» **ABOUT THIS EXERCISE**:
Restate the data below word for word. Skip any images it contains.
+++ INFORMATION SHOWN +++
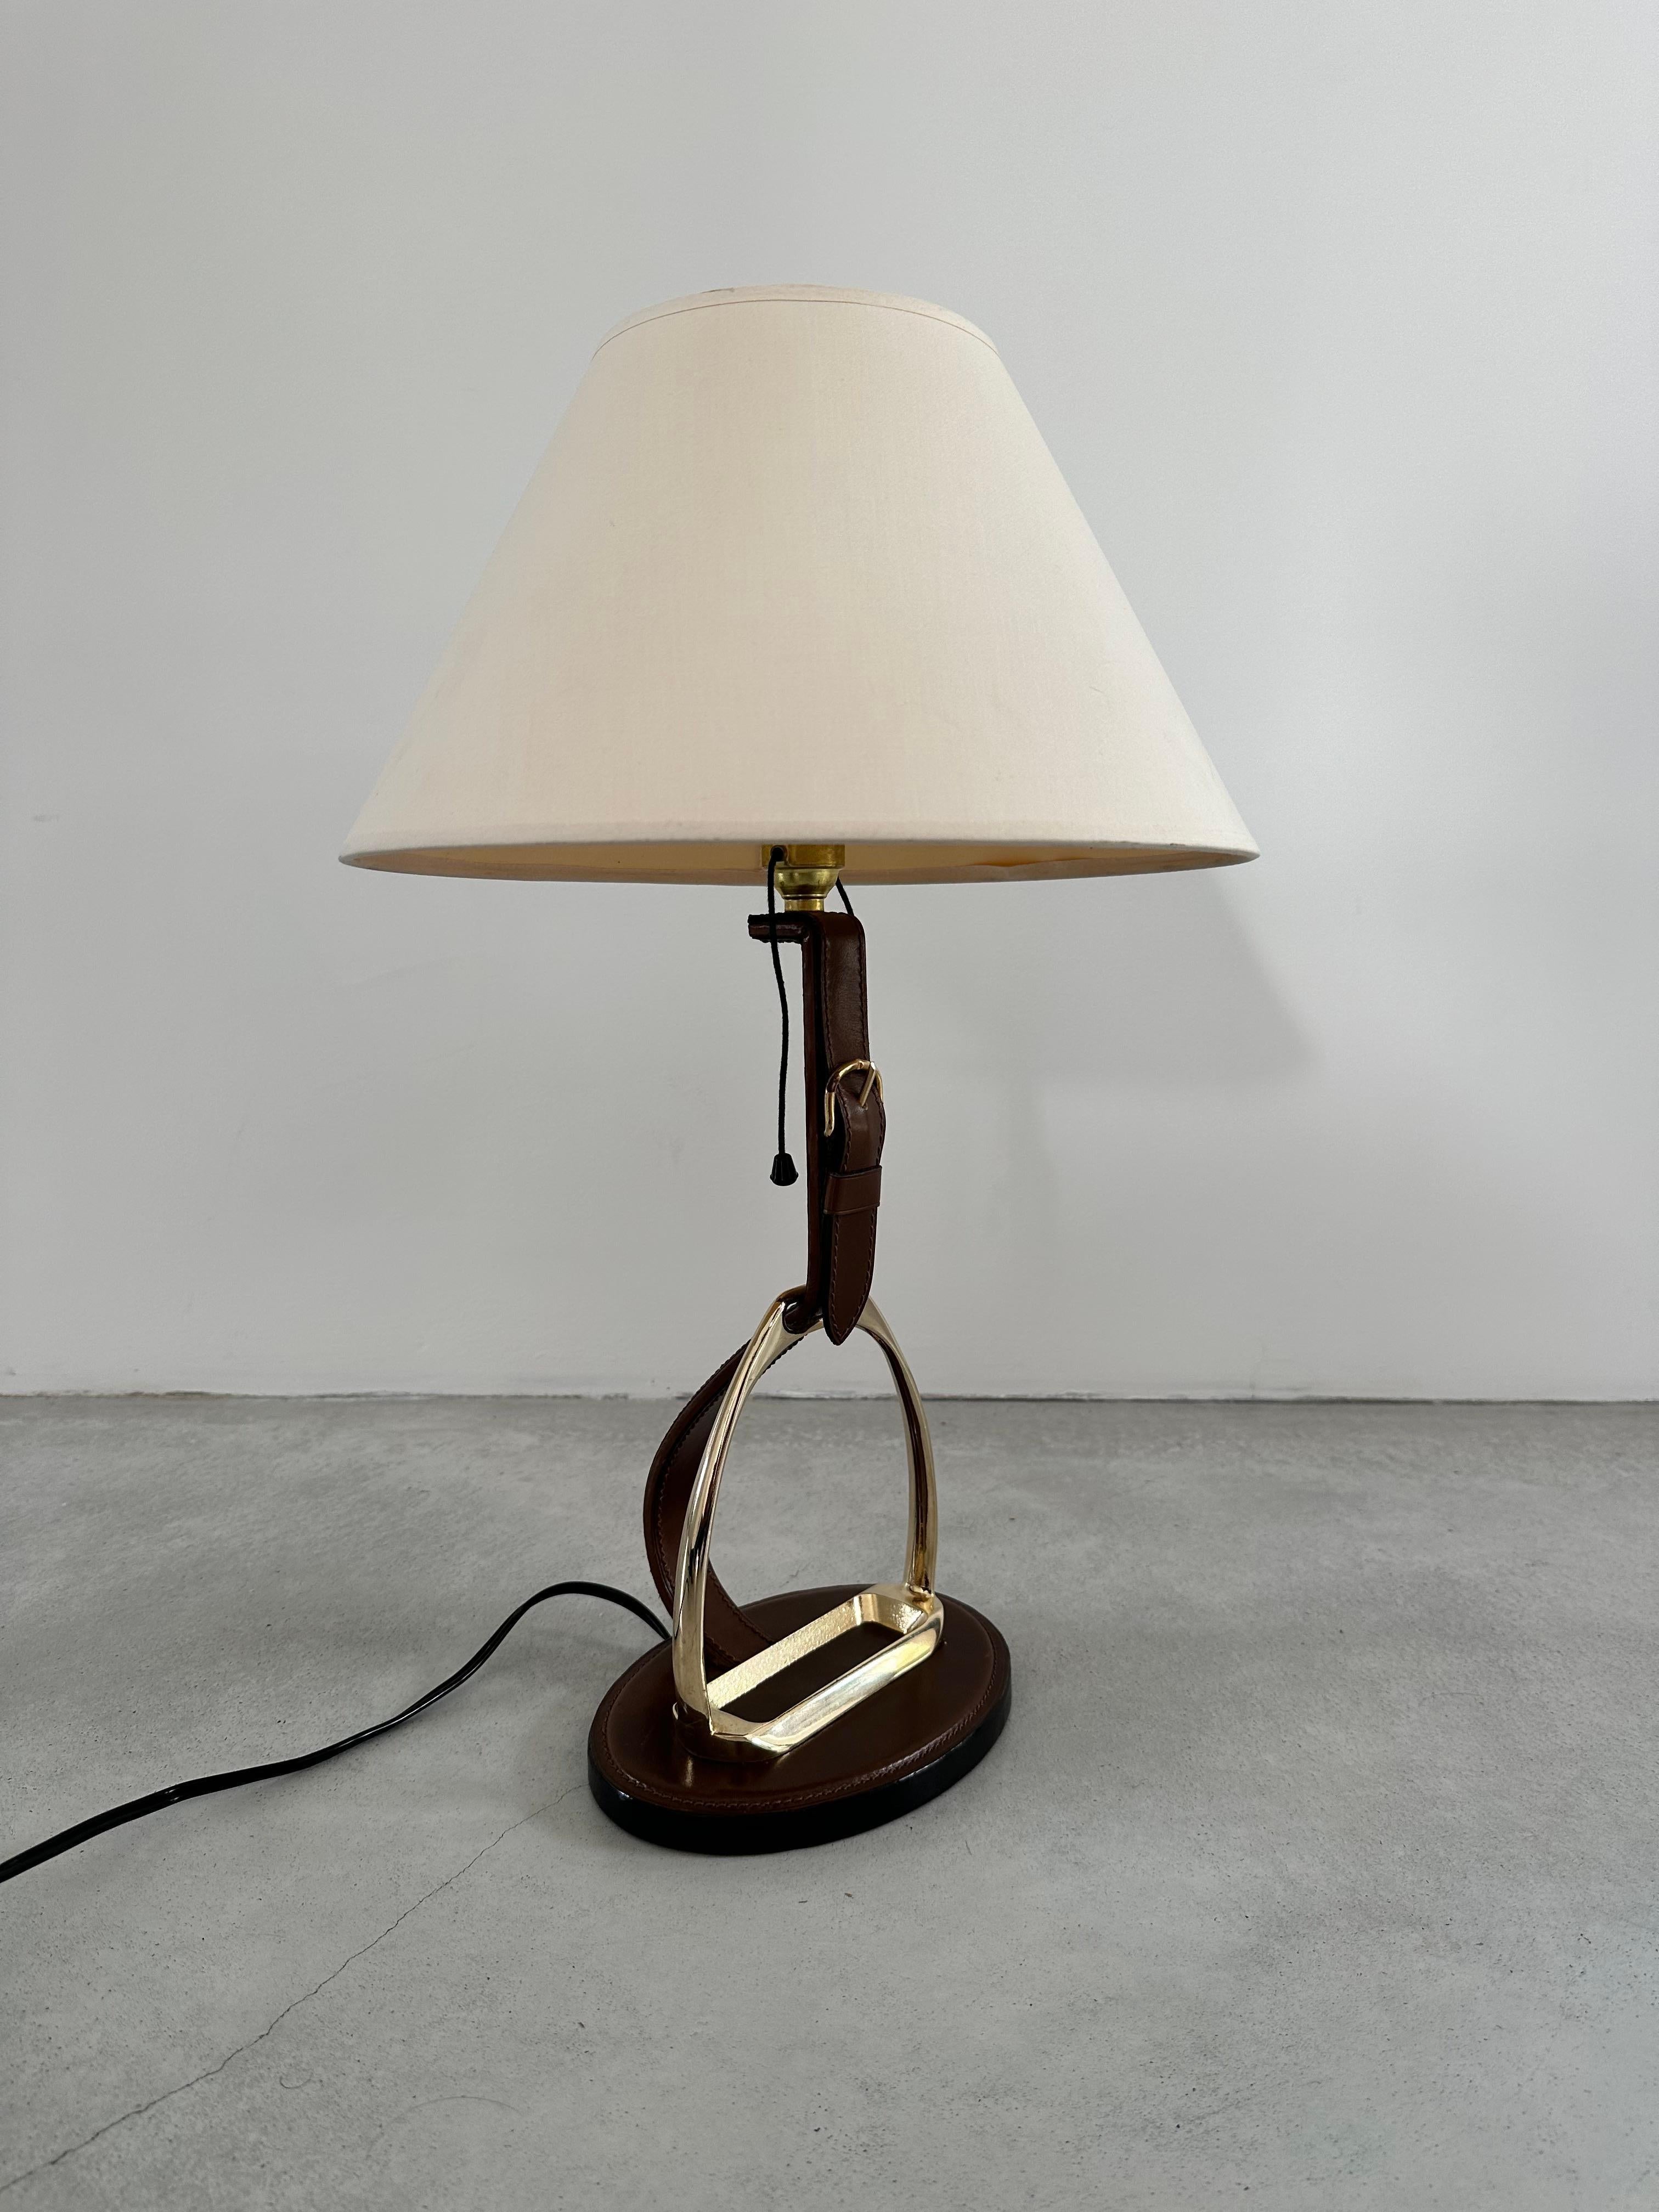 A thoroughbred French 1960's lamp, design by Longchamp Paris 
for your writing table. 

A solid brass stirrup mounted and wrapped in saddle-stitched leather with brass buckle. Very 

The Longchamp table lamp brings elegance and sophistication to
+++
» **WRITTEN ANSWER**:
 A thoroughbred French 1960's lamp, design by Longchamp Paris 
for your writing table. 

A solid brass stirrup mounted and wrapped in saddle-stitched leather with brass buckle. Very 

The Longchamp table lamp brings elegance and sophistication to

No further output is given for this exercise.